BACKGROUND: Metabolic dysfunction-associated fatty liver disease (MAFLD) is a significant health issue closely associated with multiple metabolic dysfunctions. The association between MAFLD and cancer risk is yet unknown. METHODS: UK Biobank study participants were diagnosed for the presence of MAFLD at baseline. A multivariable Cox regression model was performed to examine the associations of MAFLD with incident events in 24 specific cancers.

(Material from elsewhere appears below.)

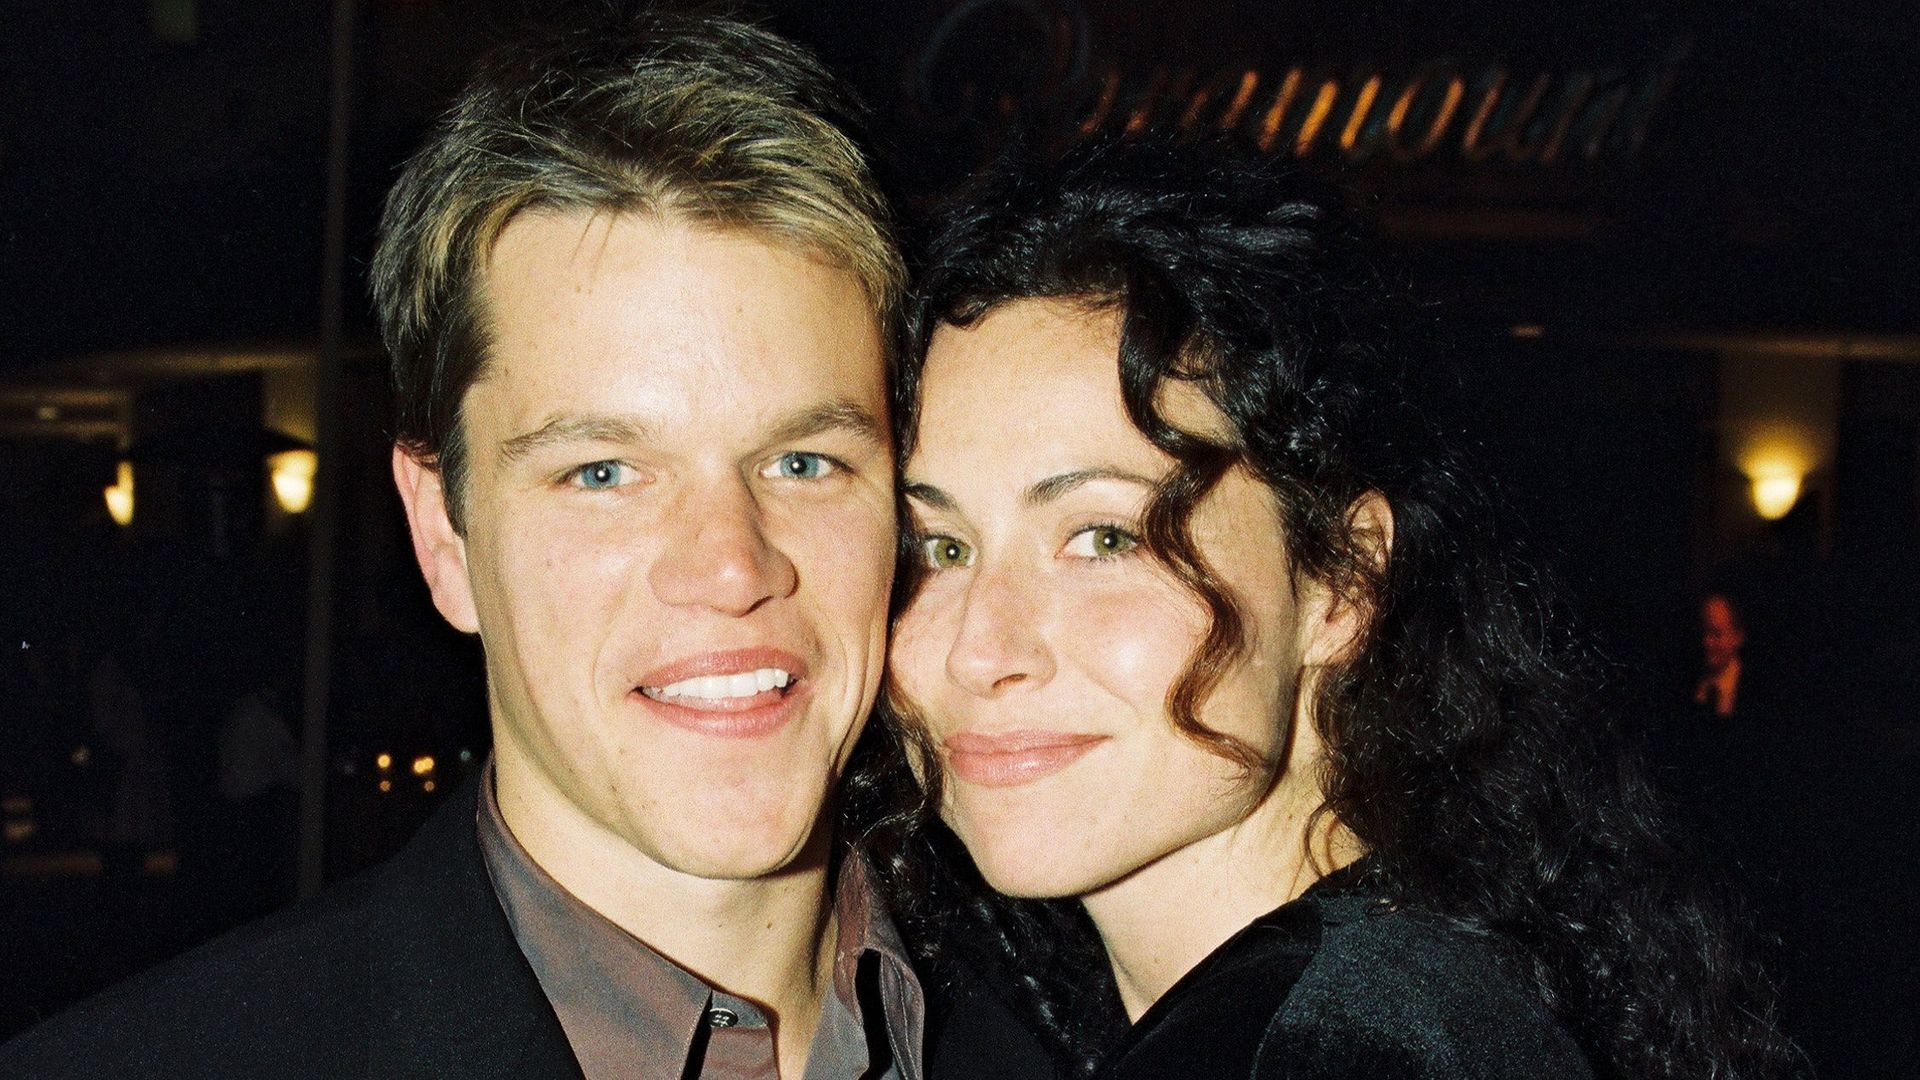 Minnie Driver recalls 'heartbreaking' moment with Matt Damon weeks after public breakup

RESULTS: We included 352,911 individuals (37.2% with MAFLD), among whom 23,345 developed cancers. Compared with non-MAFLD, MAFLD was significantly associated with 10 of the 24 examined cancers, including corpus uteri (hazard ratio [HR] = 2.36, 95% CI 1.99-2.80), gallbladder (2.20, 1.14-4.23), liver (1.81, 1.43-2.28), kidney (1.77, 1.49-2.11), thyroid (1.69, 1.20-2.38), esophagus (1.48, 1.25-1.76), pancreas (1.31, 1.10-1.56), bladder (1.26, 1.11-1.43), breast (1.19, 1.11-1.27), and colorectal and anus cancers (1.14, 1.06-1.23). The associations of MAFLD with liver, esophageal, pancreatic, colorectal and anal and bladder cancers and malignant melanoma were strengthened in males, and associations with kidney, thyroid, and lung cancers were increased in females. The associations of MAFLD with the risk of liver, kidney, and thyroid cancers remained significant after further adjusting for the waist circumference or body mass index and the number of metabolic syndrome components based on the main models. The risk-increasing allele of PNPLA3 rs738409 significantly amplified the association of MAFLD with the risk of liver and kidney cancers. CONCLUSION: MAFLD is associated with an increased risk of a set of cancers, but the effect substantially varies by site. MAFLD deserves higher priority in the current scheme of cancer prevention.